So 0x0A000007 reads as class PG_WAIT_IO (0x0A000000), event id 7. The lock-free store that publishes it is a textbook example of the “free instrumentation word” pattern — note that it does not check pgstat_track_activities, because the check would cost more than the store it guards:

// pgstat_report_wait_start — include/utils/wait_event.h
static inline void
pgstat_report_wait_start(uint32 wait_event_info)
{
/*
* Since this is a four-byte field which is always read and written as
* four-bytes, updates are atomic.
*/
*(volatile uint32 *) my_wait_event_info = wait_event_info;
}

my_wait_event_info initially points at a process-local variable (local_my_wait_event_info) so the store is safe even before MyProc exists; pgstat_set_wait_event_storage later redirects it into shared memory. pgstat_report_wait_end simply stores 0, and a zero word is the sentinel meaning “not waiting.”

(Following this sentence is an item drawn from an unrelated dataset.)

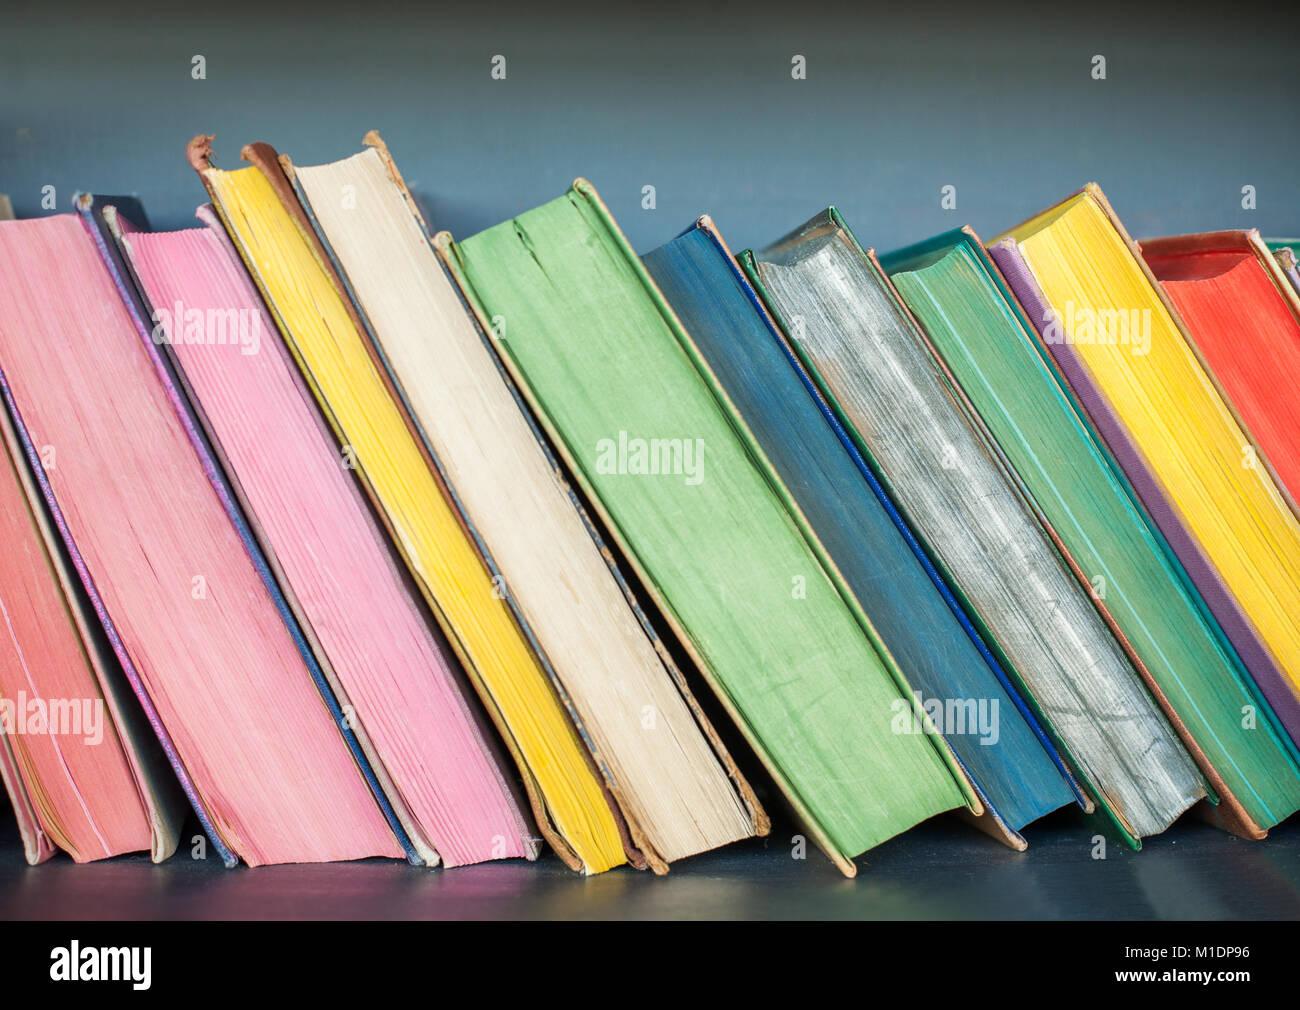 Colorful Books on the Shelf, Background. Bookshelves Stock Photo ...
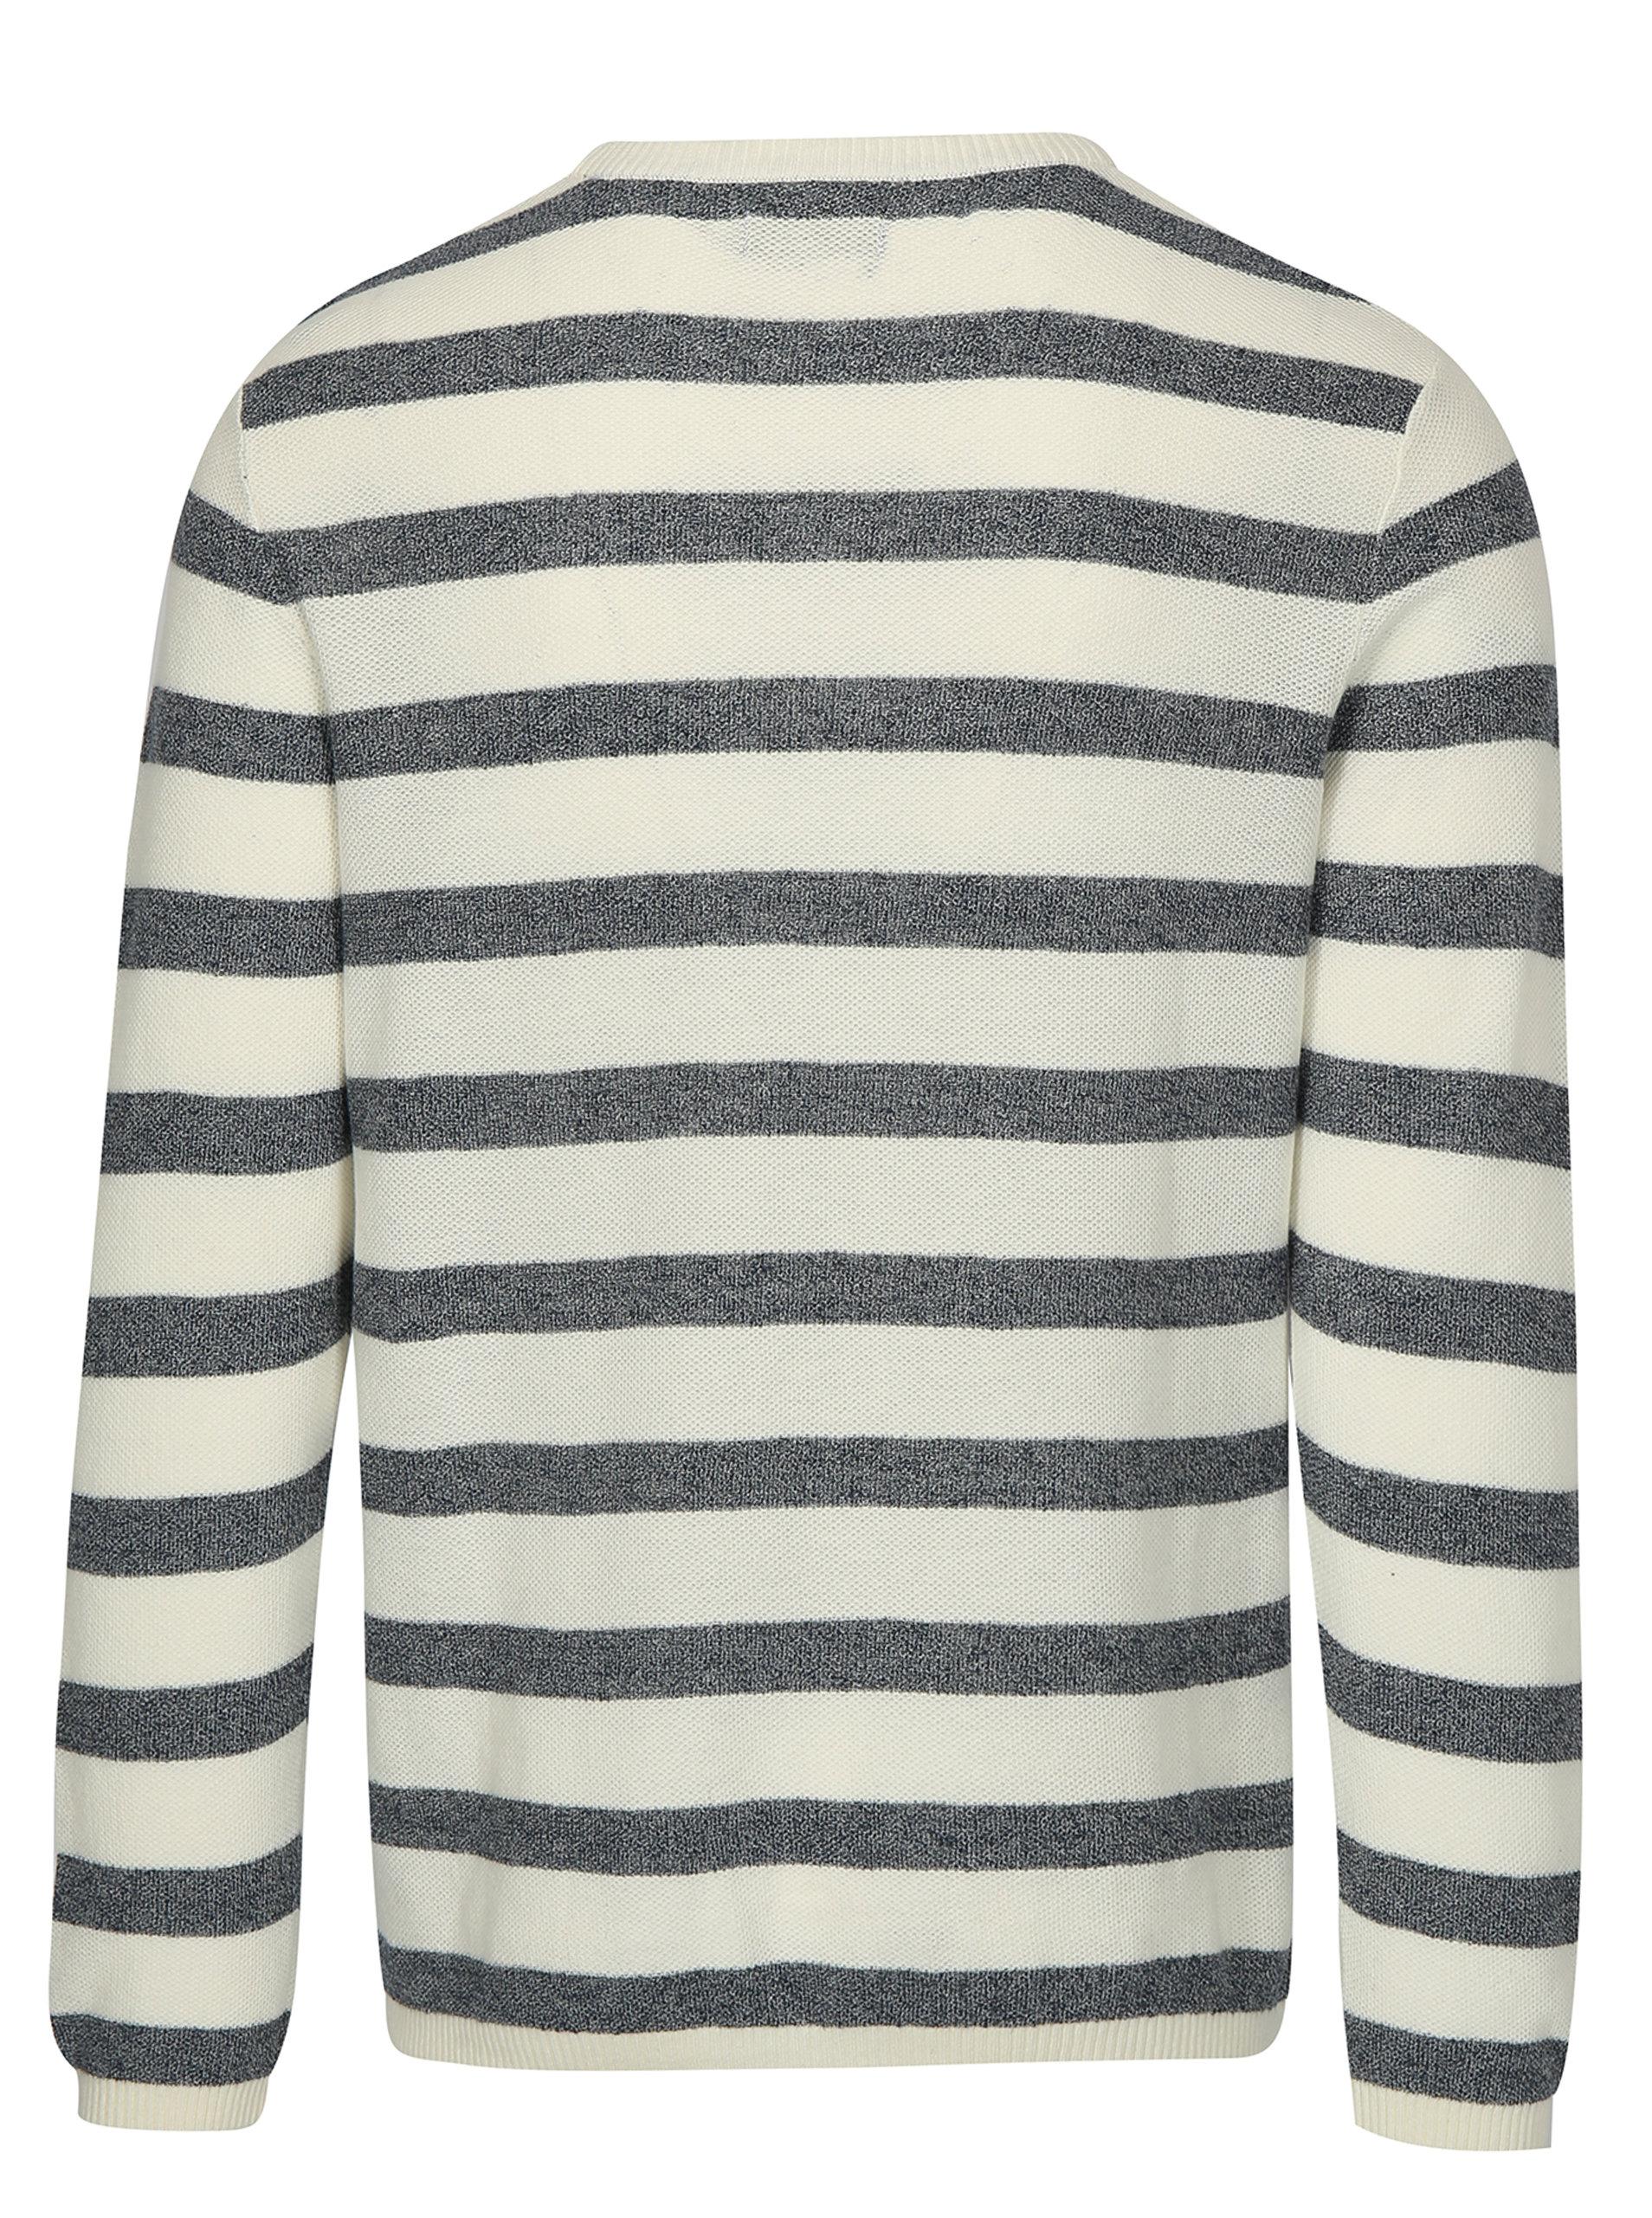 b74ba9627bdc Modro-krémový pruhovaný sveter s prímesou ľanu Jack   Jones Originals  Orlito ...

Two functions decode the word for pg_stat_activity. pgstat_get_wait_event_type masks off the class and returns the type column string:

// pgstat_get_wait_event_type — utils/activity/wait_event.c (condensed)
const char *
pgstat_get_wait_event_type(uint32 wait_event_info)
{
uint32 classId;
if (wait_event_info == 0)
return NULL; /* not waiting */
classId = wait_event_info & WAIT_EVENT_CLASS_MASK;
switch (classId)
{
case PG_WAIT_LWLOCK: return "LWLock";
case PG_WAIT_LOCK: return "Lock";
case PG_WAIT_IO: return "IO";
case PG_WAIT_IPC: return "IPC";
/* ... Activity, Client, Timeout, BufferPin, Extension ... */
default: return "???";
}
}

pgstat_get_wait_event then dispatches on the class to a per-class name-lookup. Note that LWLock and Lock are handled by their own code (GetLWLockIdentifier, GetLockNameFromTagType — see postgres-lwlock-spinlock.md), while the generated classes route through the codegen’d pgstat_get_wait_* helpers:

// pgstat_get_wait_event — utils/activity/wait_event.c (condensed)
const char *
pgstat_get_wait_event(uint32 wait_event_info)
{
uint32 classId = wait_event_info & WAIT_EVENT_CLASS_MASK;
uint16 eventId = wait_event_info & WAIT_EVENT_ID_MASK;
switch (classId)
{
case PG_WAIT_LWLOCK:
return GetLWLockIdentifier(classId, eventId); /* own code */
case PG_WAIT_LOCK:
return GetLockNameFromTagType(eventId); /* own code */
case PG_WAIT_EXTENSION:
case PG_WAIT_INJECTIONPOINT:
return GetWaitEventCustomIdentifier(wait_event_info);
case PG_WAIT_IO:
return pgstat_get_wait_io((WaitEventIO) wait_event_info);
/* ... IPC, Activity, Client, Timeout, BufferPin ... */
}
}

The pgstat_get_wait_io, pgstat_get_wait_ipc, etc. helpers are not hand-written — they are generated, as the final #include at the bottom of wait_event.c admits:

// tail of utils/activity/wait_event.c
#include "utils/pgstat_wait_event.c"

Extensions register their own wait events (class PG_WAIT_EXTENSION) by name; the registry lives in two shared hash tables (by-info and by-name) plus a spinlock-guarded counter. WaitEventExtensionNew is the public entry point, delegating to WaitEventCustomNew:

// WaitEventCustomNew — utils/activity/wait_event.c (condensed)
static uint32
WaitEventCustomNew(uint32 classId, const char *wait_event_name)
{
/* fast path: name already registered? return its id */
LWLockAcquire(WaitEventCustomLock, LW_SHARED);
entry_by_name = hash_search(WaitEventCustomHashByName, wait_event_name,
HASH_FIND, &found);
LWLockRelease(WaitEventCustomLock);
if (found)
return entry_by_name->wait_event_info;
/* slow path: take exclusive, recheck, allocate a fresh event id */
LWLockAcquire(WaitEventCustomLock, LW_EXCLUSIVE);
/* ... recheck ... */
SpinLockAcquire(&WaitEventCustomCounter->mutex);
eventId = WaitEventCustomCounter->nextId++;
SpinLockRelease(&WaitEventCustomCounter->mutex);
wait_event_info = classId | eventId; /* fold class into the id */
/* register in both hash directions, then release the LWLock */
}

This is the only part of the wait-event machinery that needs real locking, because it mutates a shared registry rather than a single backend’s own word. The double-checked locking (shared probe, then exclusive recheck) is a deliberate optimisation for the common “already registered” case.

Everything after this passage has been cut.